2) Hay que enseñar a los niños que los perros son seres vivos que hay que tratar bien y no maltratar. Cuando los niños son pequeños (de 1 a 4 años), seguramente sea más difícil, sobre todo si les gustan los animales, puesto que intentaran cogerlos de cualquier manera y es posible que les hagan daño, hay que tratar de evitarlo a toda costa, una buena forma es; sentados en el suelo, a un lado el niño y tomar al cachorro, enseñar al niño como acariciarlo sin hacerle daño, después de un rato, enseñándole, dejárselo al niño, para que a nuestro lado siga el acariciándolo, pasado un rato si todo va bien, podremos dejarlos un poco más “solos”, pero siempre bajo nuestra supervisión, hay que tener presente, que tanto niño como cachorro no controlan sus fuerzas y ante un achuchón demasiado fuerte, el cachorro puede morder al niño.
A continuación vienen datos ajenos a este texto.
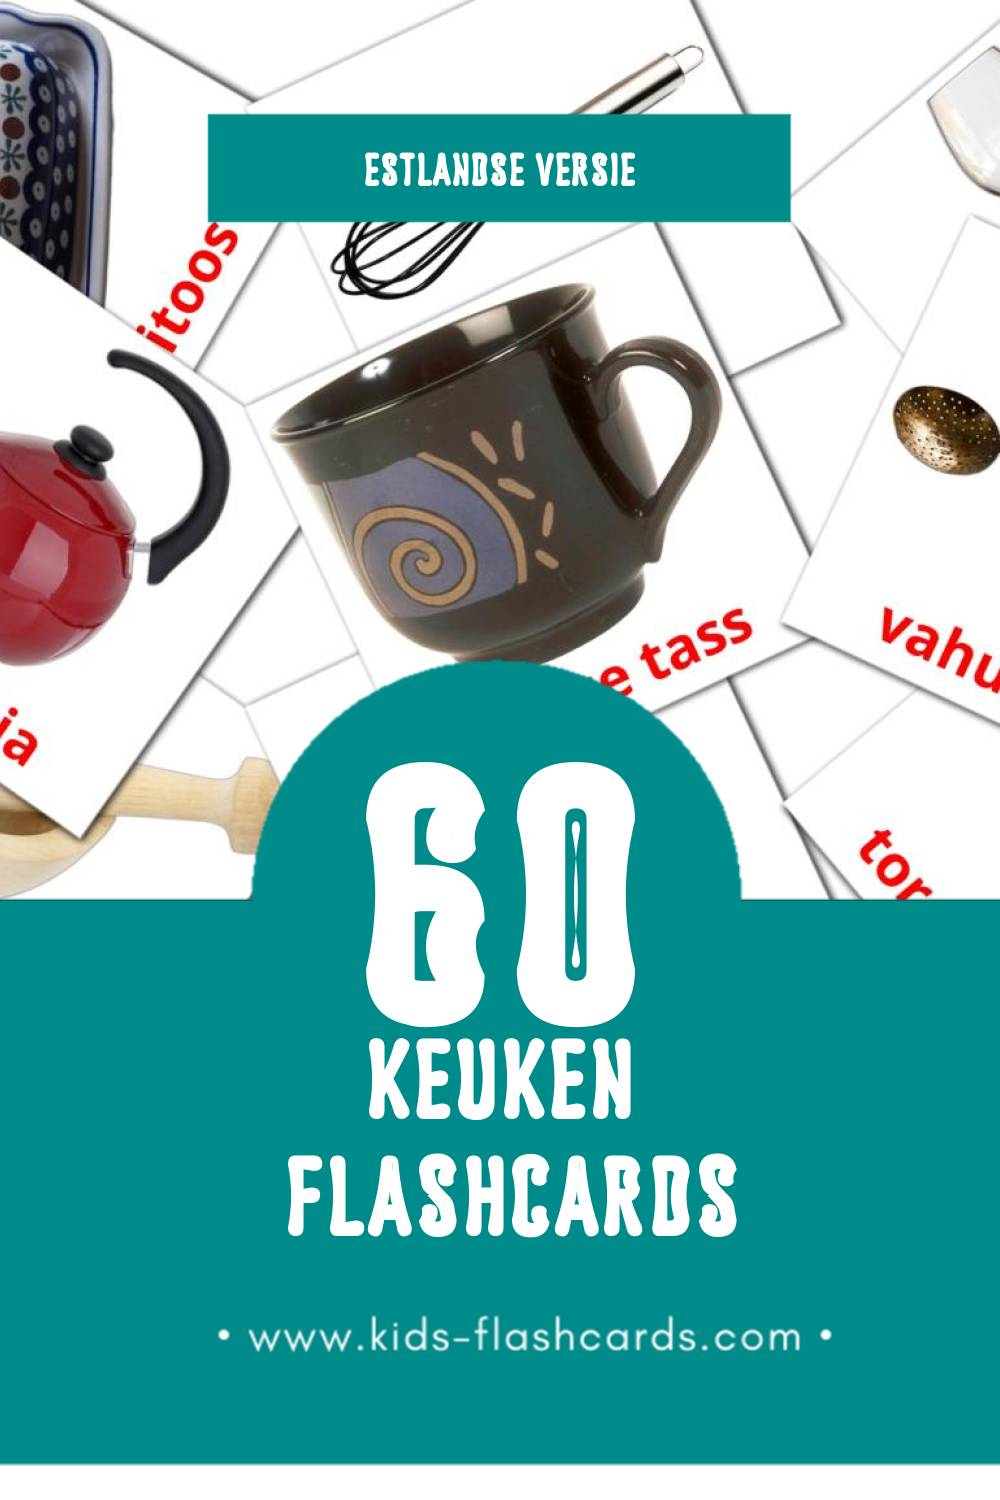 Visuele Köök Flashcards voor Kleuters (60 kaarten in het Estlands)

No debemos tener miedo a esto, lo más probable es que ambos aprendan algo de esta situación, lo más importante es que después de una situación así, tratemos de que el niño y el cachorro vuelvan a estar juntos lo antes posible.

Los niños no han de acercarse a todos los perros de igual manera

Otra cosa es enseñar a los niños como acercarse a un perro “nuevo” o desconocido, lo primero en caso de no conocer a un perro es preguntar al dueño, acercarse tranquilamente, sin gritos ni aspavientos y antes de acariciarle, dejar que nos huela, empezando por la mano, no por la palma, sino por el anverso de la mano, si vemos que el perro rehúye o saca los dientes, lo mejor es echarnos para atrás tranquilamente y no acercarnos , el perro en caso de sentirse intimidado o acosado podría llegar a modernos, tenemos dos opciones o dejarlo “pasar” o pasado un rato y si vemos que el perro está tranquilo, volver a repetir la operación.

Hay que indicar que existen una señales que nos sirven para comunicarnos con los perros, y transmitirles nuestras emociones y sentimientos, podéis leer un libro sobre ello en este sentido “El lenguaje de los perros – Las señales de Calma” de Turid Rugaas, transcribo el primer párrafo que creo que es muy instructivo en este caso:

“El enorme Pastor de Brie realizó un violento ataque acompañado de gruñidos y ladridos. A toda velocidad se dirigía a la pequeña Elghund, que se paró, se quedó inmóvil y giró su cabeza hacia un lado. El perro se paró perplejo, desconcertado, a tan sólo unos pasos de la Elghund, como sin saber qué hacer. Entonces, buscó a un lado y a otro alguna actividad alternativa, olisqueando ligeramente el suelo, distraídamente, y finalmente volvió al punto de partida.”

Este mismo comportamiento es el más indicado para realizar nosotros mismos con nuestros perros cuando tengan algún comportamiento no deseado y que entrañe mordiscos, os pongo un ejemplo;

Hace unos meses nuestra perra Flix, cuando jugábamos en la calle, cuando se ponía muy nerviosa y no conseguía lo que quería, frisbee, palo, correa, pelota, etc…me mordía los tobillos, al principio, trate de evitarlo, cortando la actividad que estuviéramos haciendo inmediatamente y dando un grito de “NO”, sin embargo su comportamiento en este sentido no mejoraba, algunas personas con las que lo hable, me aconsejaron leer este libro, y para evitar este comportamiento, cuando me mordiera, que me girase de lado y diera un grito agudo como de dolor, la verdad es que era de dolor, todo sea dicho de paso, solo lo tuve que hacer dos o tres ocasiones y el comportamiento ceso.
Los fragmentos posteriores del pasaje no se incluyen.